- Date: 1975
- Series: Mort & Phil
- Publisher: Editorial Bruguera

Creative team
- Writers: Ibáñez
- Artists: Ibáñez

Original publication
- Published in: Mortadelo
- Issues: 220-230
- Date of publication: 1975
- Language: Spanish

Chronology
- Preceded by: El plano de Alí-Gusa-No, 1974
- Followed by: Concurso oposición, 1975

= Pánico en el zoo =

Pánico en el zoo (English: Panic at the Zoo) is a 1973 comic written and drawn by Francisco Ibañez for the Mortadelo y Filemón (Mort & Phil) comic series.
== Publication history ==
The comic strip was first published in the Mortadelo magazine, issues #220 (February 10, 1975) to #230 (April 22, 1975).
== Plot ==
At the city zoo, peculiar things begin to happen. An unknown culprit uses an unprecedented process to switch the characteristics of selected animals, trading their special abilities with one another, and then sending them to commit high-level robberies. Examples of this include:
- A crocodile with the flying ability of a stork, snatching a plainclothes salary transport;
- a giant turtle with a gazelle's running speed, robbing an armored money transport;
- a lizard with an elephant's strength, stealing a sample of a rare radioactive metal;
- a lamb possessing a tiger's ferocity, shocking a millionaire into unconsciousness with its roar and stealing all her jewelry;
- a rhinoceros bestowed with an ant's ability to run up walls, raiding an antiquities transport;
- an ant-eater with a magpie's flying ability, sent to steal an enormous diamond;
- a sea elephant with a kangaroo's leaping ability, breaking into a bank and getting away with its safe;
- and a squid outfitted with a shark's teeth, ripping its way into a ship and stealing its onboard safe.
While investigating these strange occurrences (and constantly attempting to evade paying the entrance fee to the zoo), Mortadelo and Filemon gradually discover that a strange old man appears responsible for these personality switches, which also works on humans (as Filemon discovers when the subject imprints him with a bull's ferocity).

At the end of the story, Mortadelo and Filemon attempt to ask the zoo director, Xim Pancé, for any clues, but in the process discover that he is the culprit.

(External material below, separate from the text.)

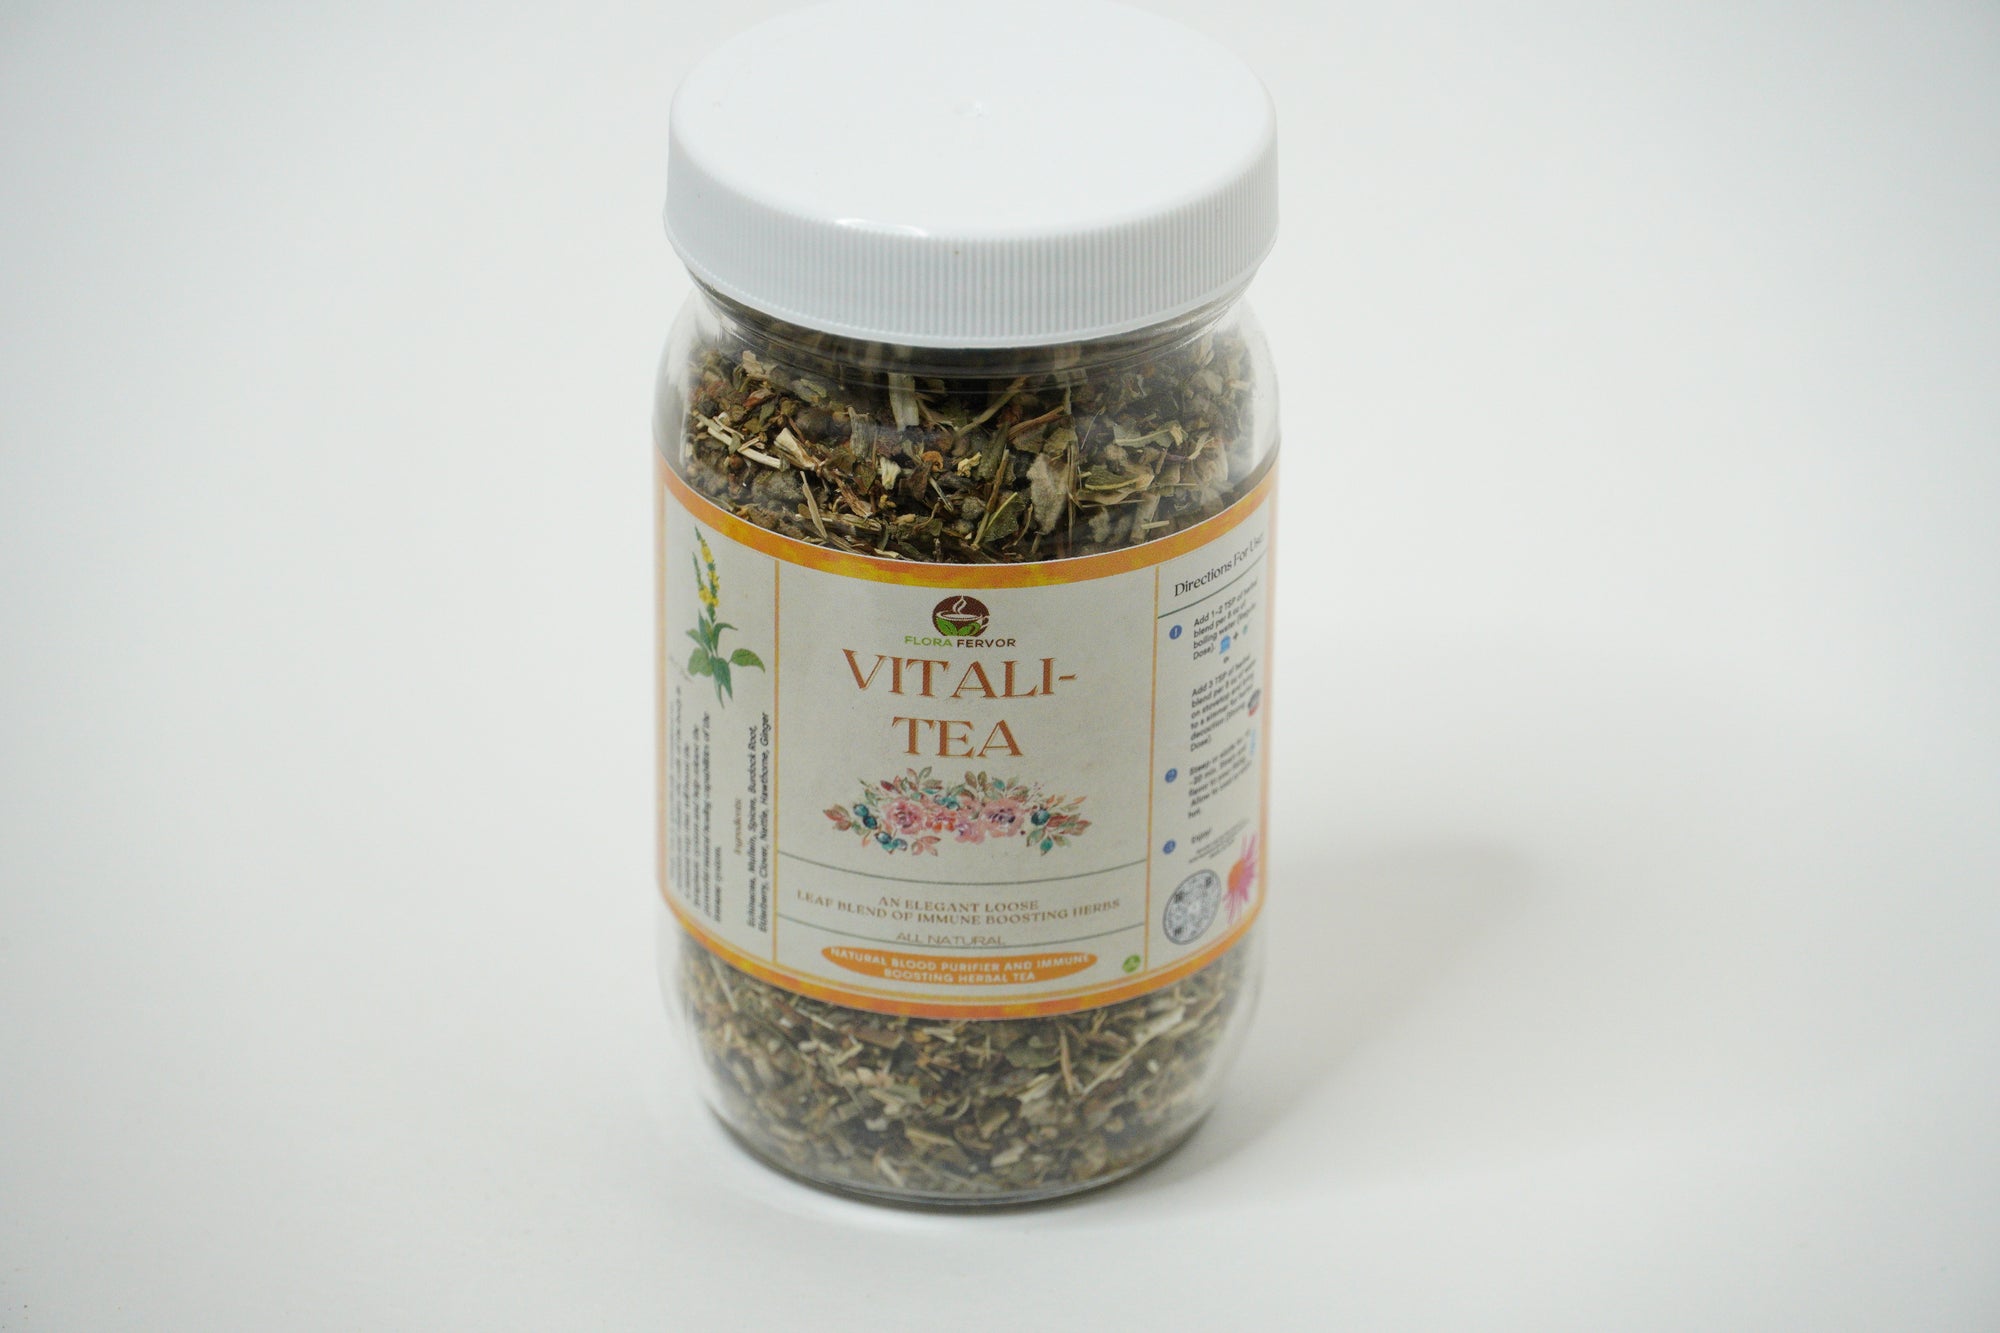 Vitali-Tea (Immune Booster 1.6 oz)
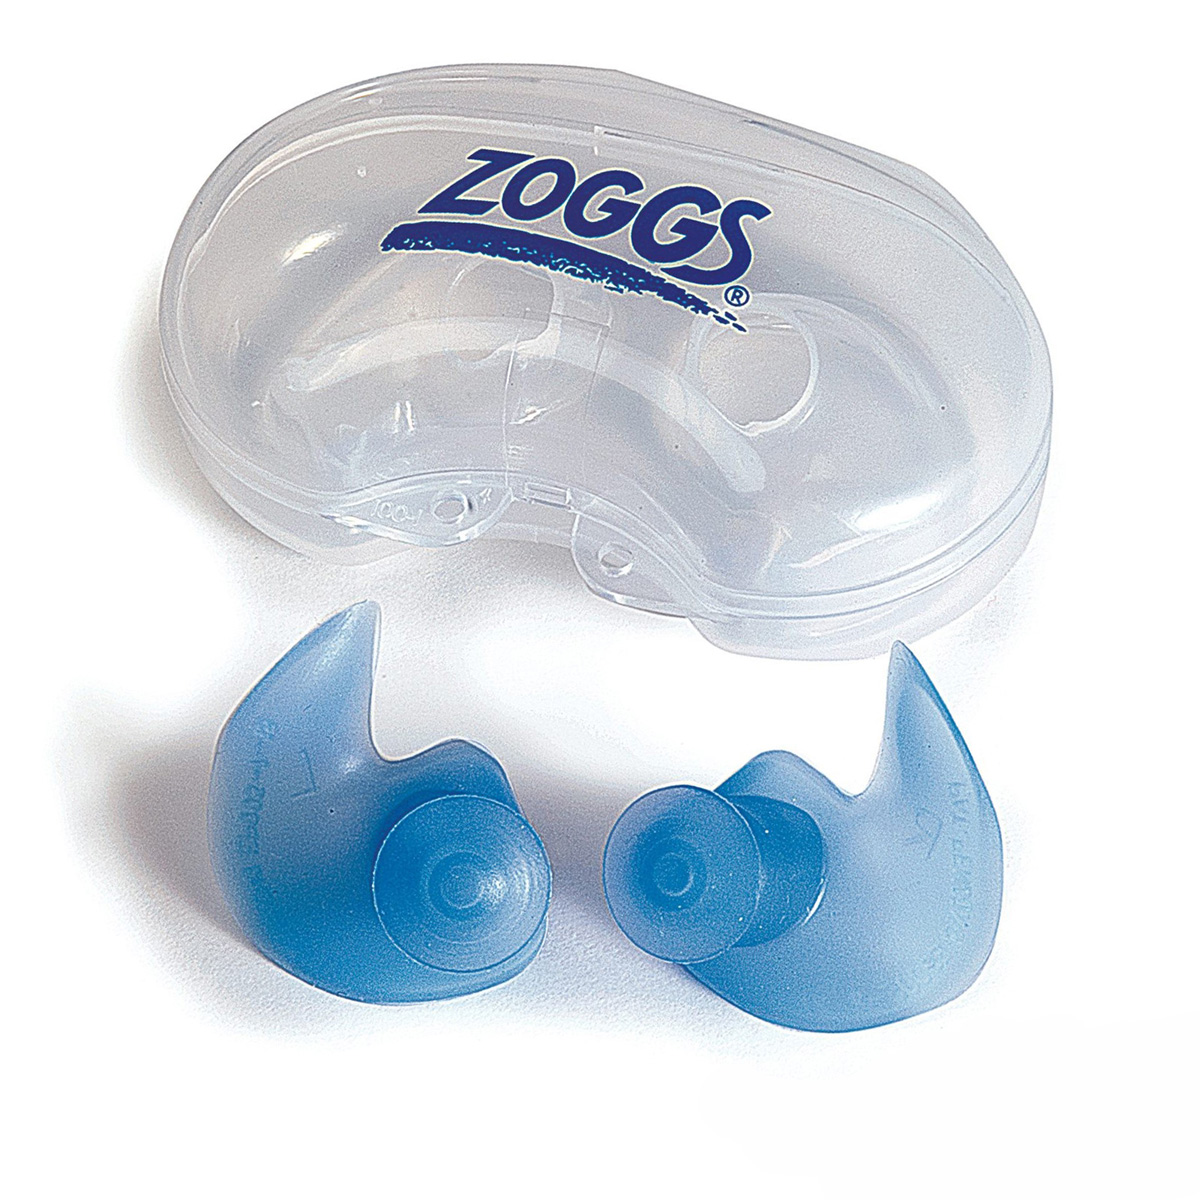 Zoggs Aqua Ear Plugz/Earplugs Adult Size

Using a device of his own invention, Pancé instills the behaviour patterns of a cat and a dog in Mortadelo and Filemon, but is adversely affected by their subsequent scuffle and chase. When the device is wrecked as a result, Mortadelo and Filemon regain their original personalities, but when Mortadelo, with Filemon in his arms, attempts to jump off the roof they have landed on, he forgets that they no longer have the abilities of cat and dog, and thence make a crashlanding onto the street. In retaliation, a furious Filemon attempts to force Mortadelo to jump off the edge of a cliff, to "teach" him how to make a "proper jump".